2-AG is one of the body’s first responders when the brain is threatened. When an insult happens, whether that is trauma, ischemia, inflammation, or excitotoxic stress, the brain does not wait for outside help. It makes its own medicine, fast. That medicine is 2-arachidonoylglycerol, better known as 2-AG.

2-AG is an endocannabinoid, a lipid-based signaling molecule produced on demand in the brain and nervous system. Unlike neurotransmitters that sit stored in vesicles waiting to be released, 2-AG is synthesized in real time from membrane lipids the moment neurons sense danger. That speed matters. It allows the ECS, our Master Regulator, to respond within seconds to injury and begin damage control before secondary injury cascades take over.

When released, 2-AG primarily activates CB1 receptors in the brain and CB2 receptors on immune and glial cells. At CB1, 2-AG reduces excessive glutamate release, which is one of the main drivers of neuronal death after injury. Too much glutamate overstimulates neurons until they burn out. 2-AG reduces that volume, protecting neurons from excitotoxic damage. At CB2, it calms inflammatory signaling, limiting microglial overactivation that would otherwise expand the injury zone.

2-AG also stabilizes the blood-brain barrier, reduces oxidative stress, and helps preserve mitochondrial function inside neurons. This keeps cells alive long enough to repair rather than collapse. In short, 2-AG does not directly repair damage; it creates a protective window in which repair is possible.

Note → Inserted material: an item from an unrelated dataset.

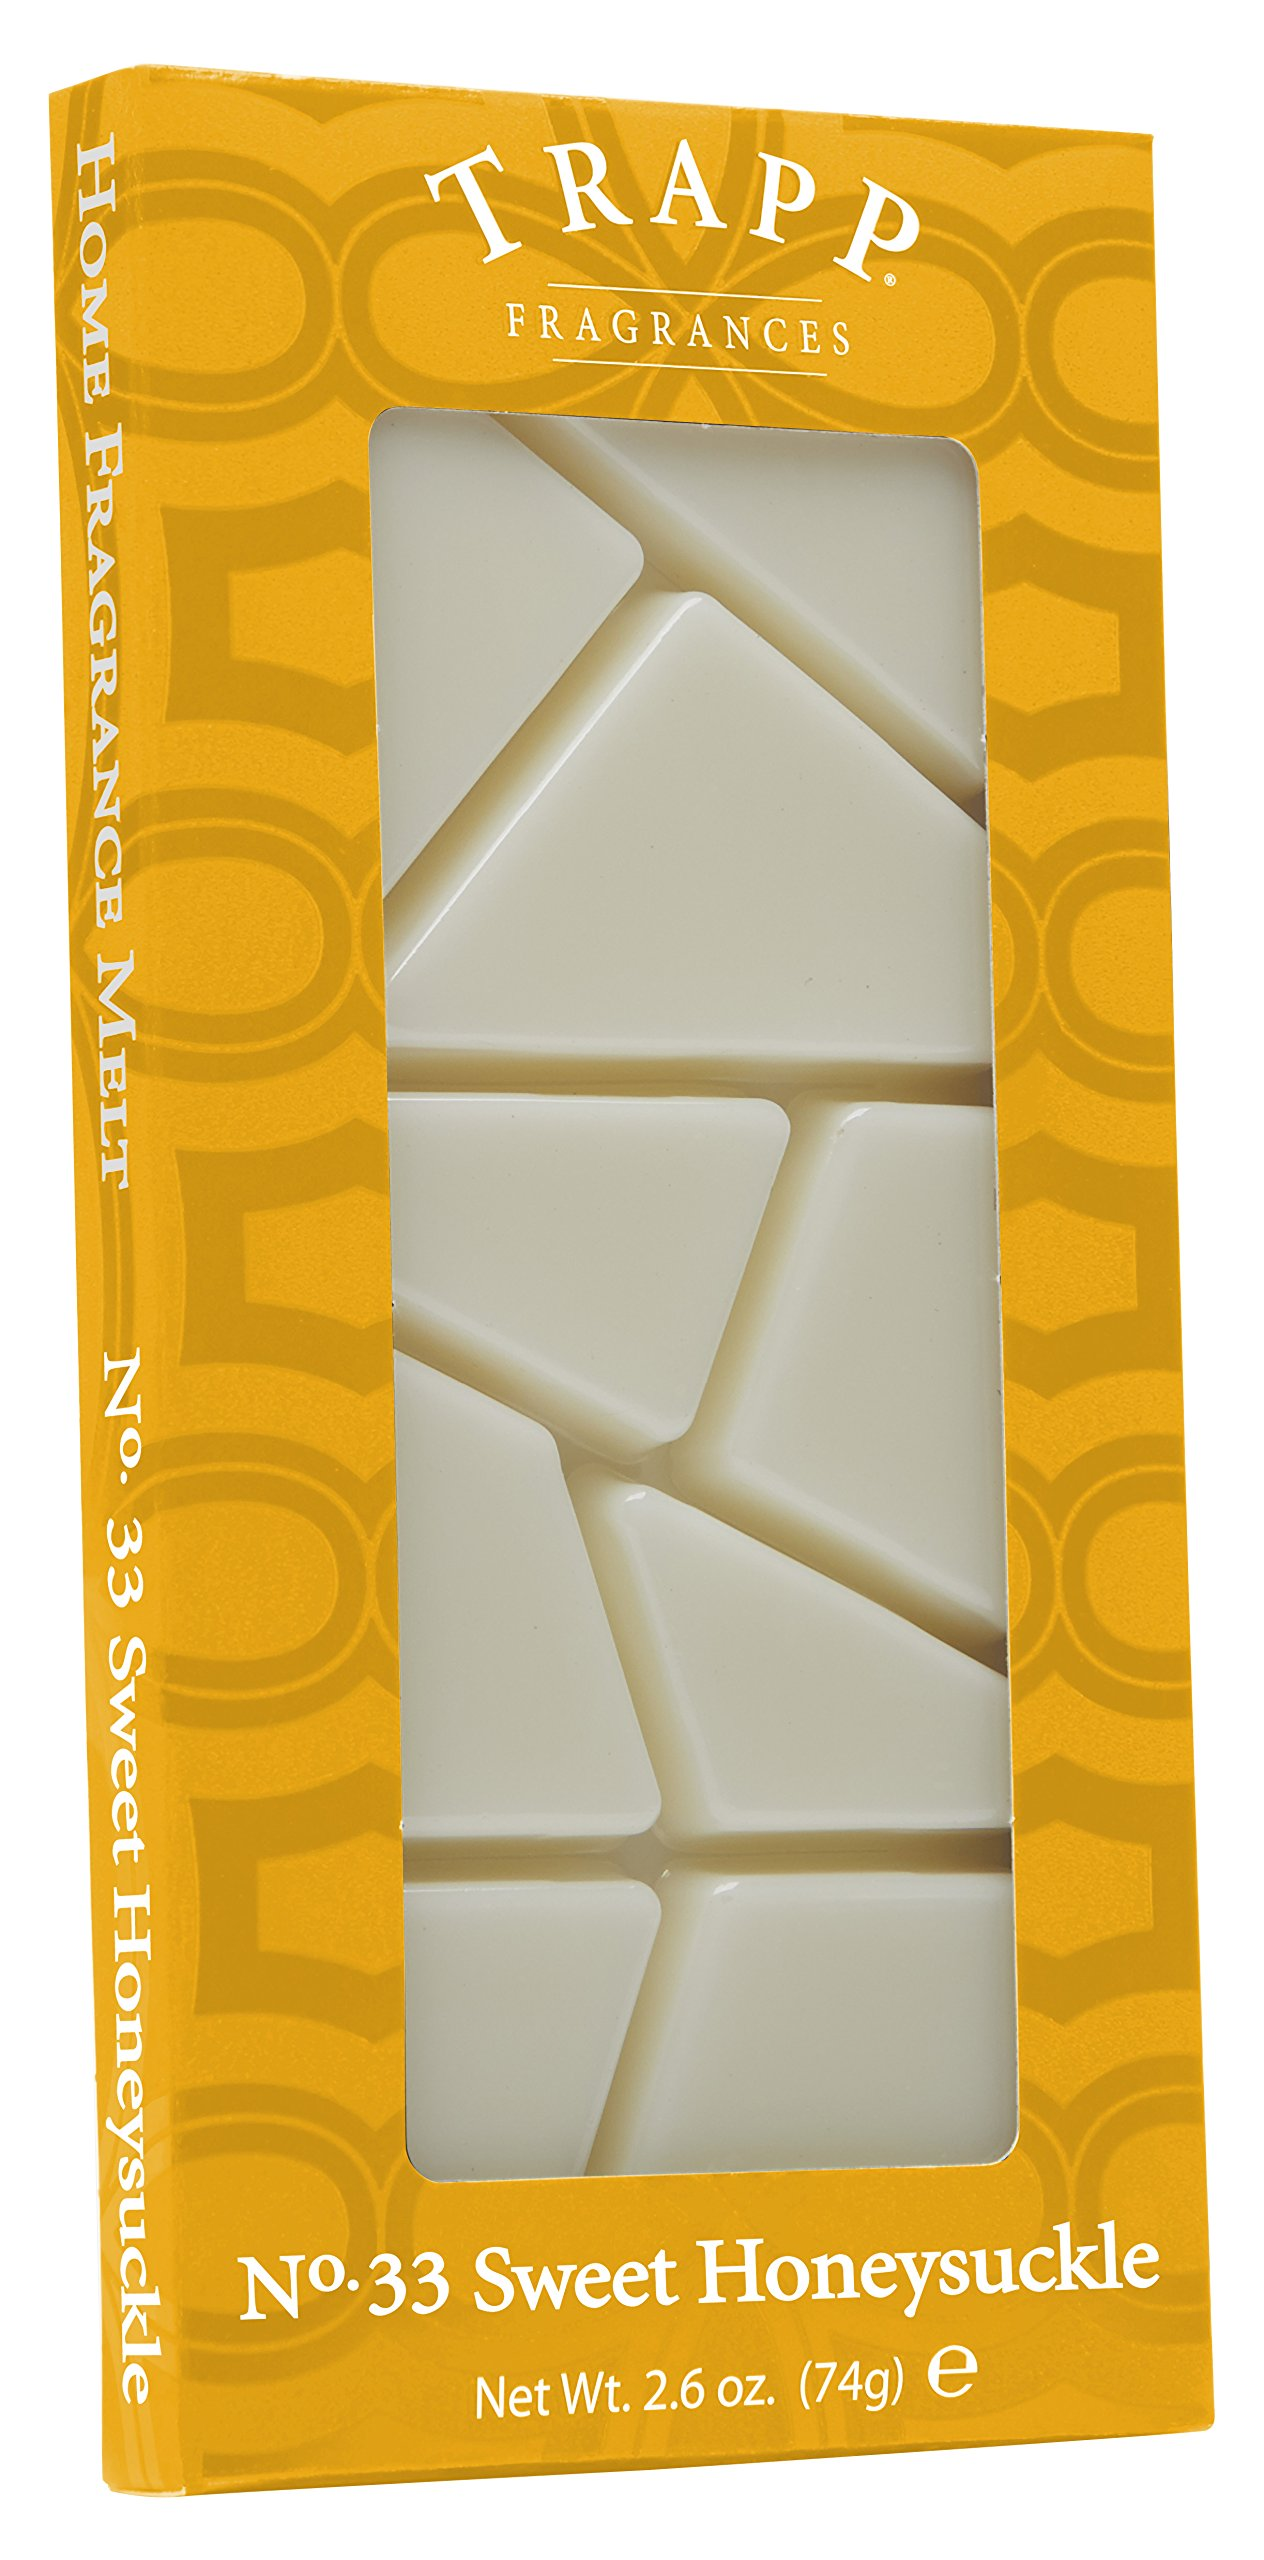 Trapp Home Fragrance Melt, No. 33 Sweet Honeysuckle, 2.6-Ounce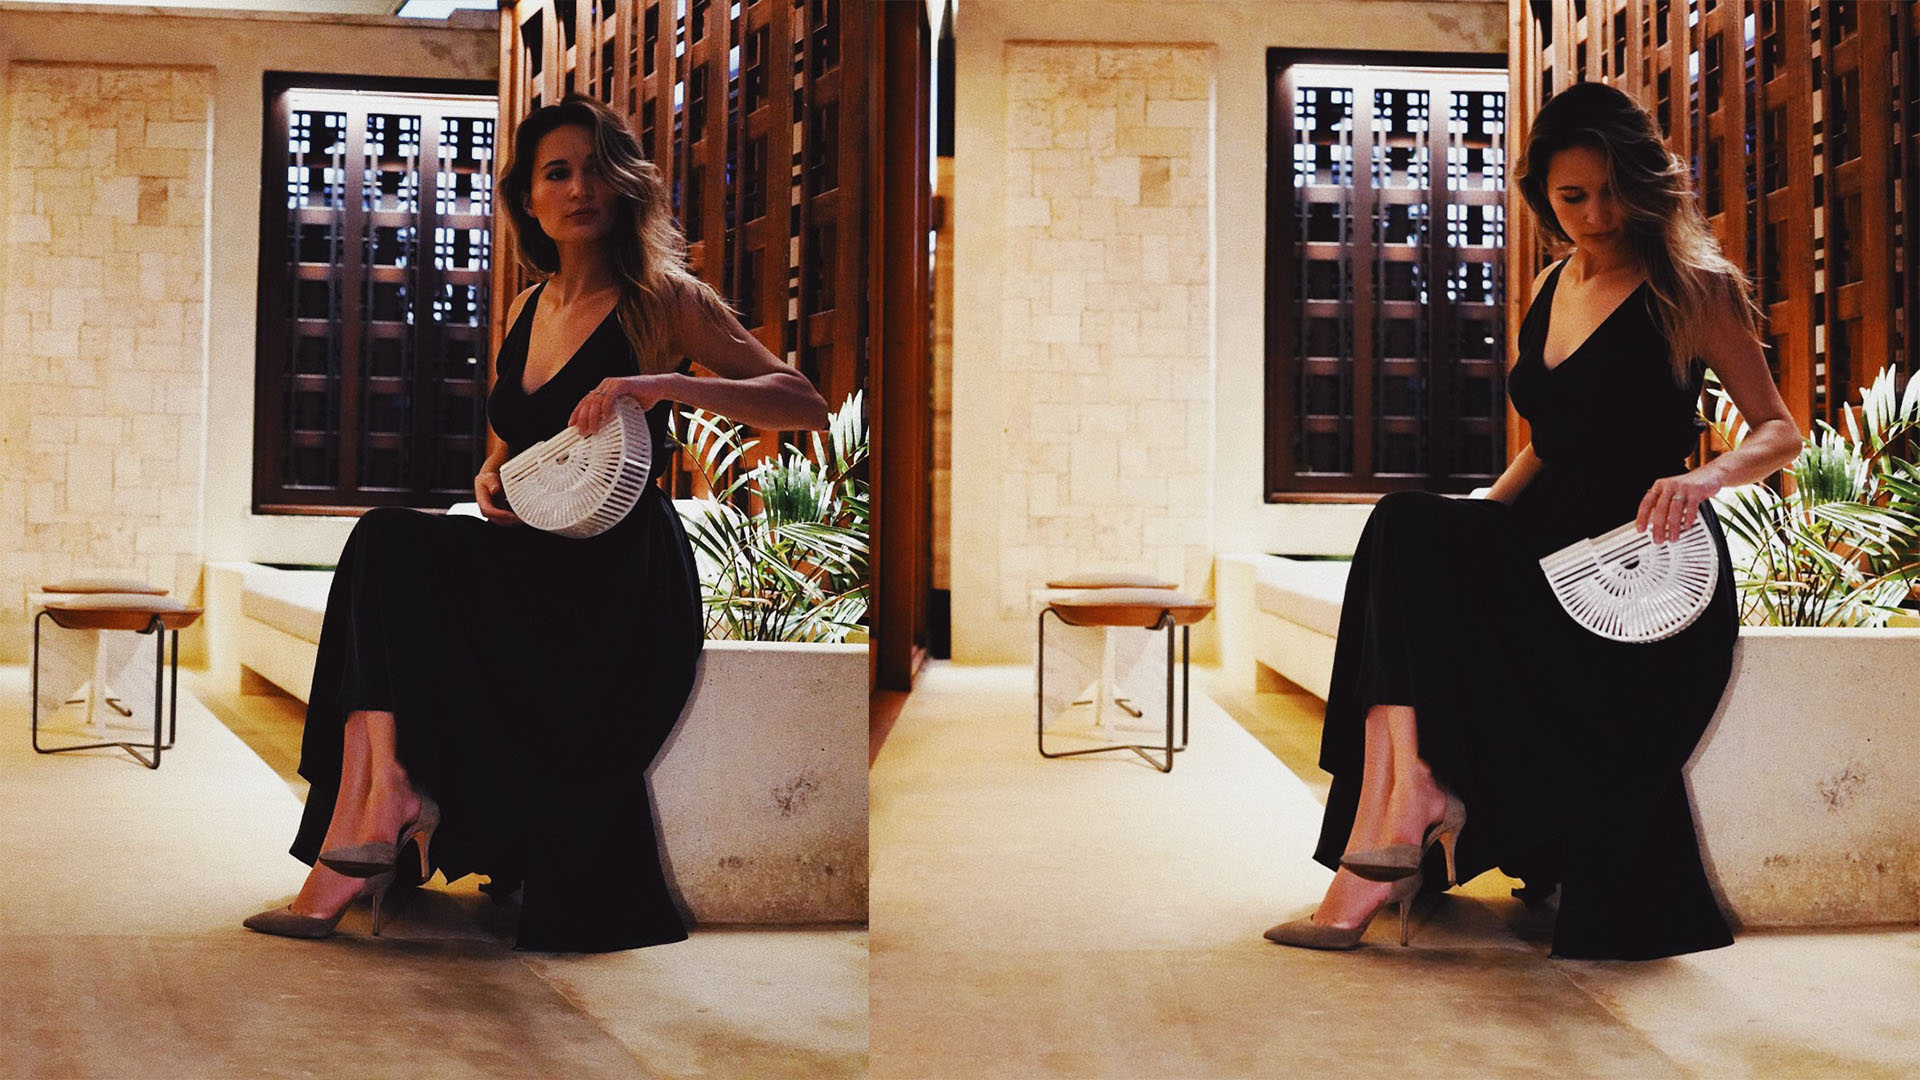 DRESS -   & OTHER STORIES     BAG -   CULT GAIA     HEELS -  VINCE

This mechanism was clearly demonstrated in the peer-reviewed study “Endocannabinoid 2-arachidonoylglycerol protects against cerebral ischemia by reducing inflammation and neuronal damage,” published in 2003. The researchers showed that increasing 2-AG levels after brain ischemia significantly reduced brain edema, infarct size, and neuronal death, while blocking 2-AG worsened outcomes.

What this tells us is profound. The brain already knows how to protect itself. It uses 2-AG as an emergency signal to restore order when chaos hits. Supporting ECS balance does not introduce something foreign; it amplifies a system designed for survival. When the brain is injured, 2-AG shows up first, quietly doing the work most never see, keeping neurons alive long enough for healing to begin.

-Mike Robinson, The Researcher OG

23/12/2025

Billy has now lived twenty Christmas’s on this earth when all the odds were stacked against him. So many things they said he wouldn’t do. So many years they said he may not see.

I did not know if he would live to see
one,
two,
three or four years old. And here he is today celebrating twenty whole Christmase’s on this earth.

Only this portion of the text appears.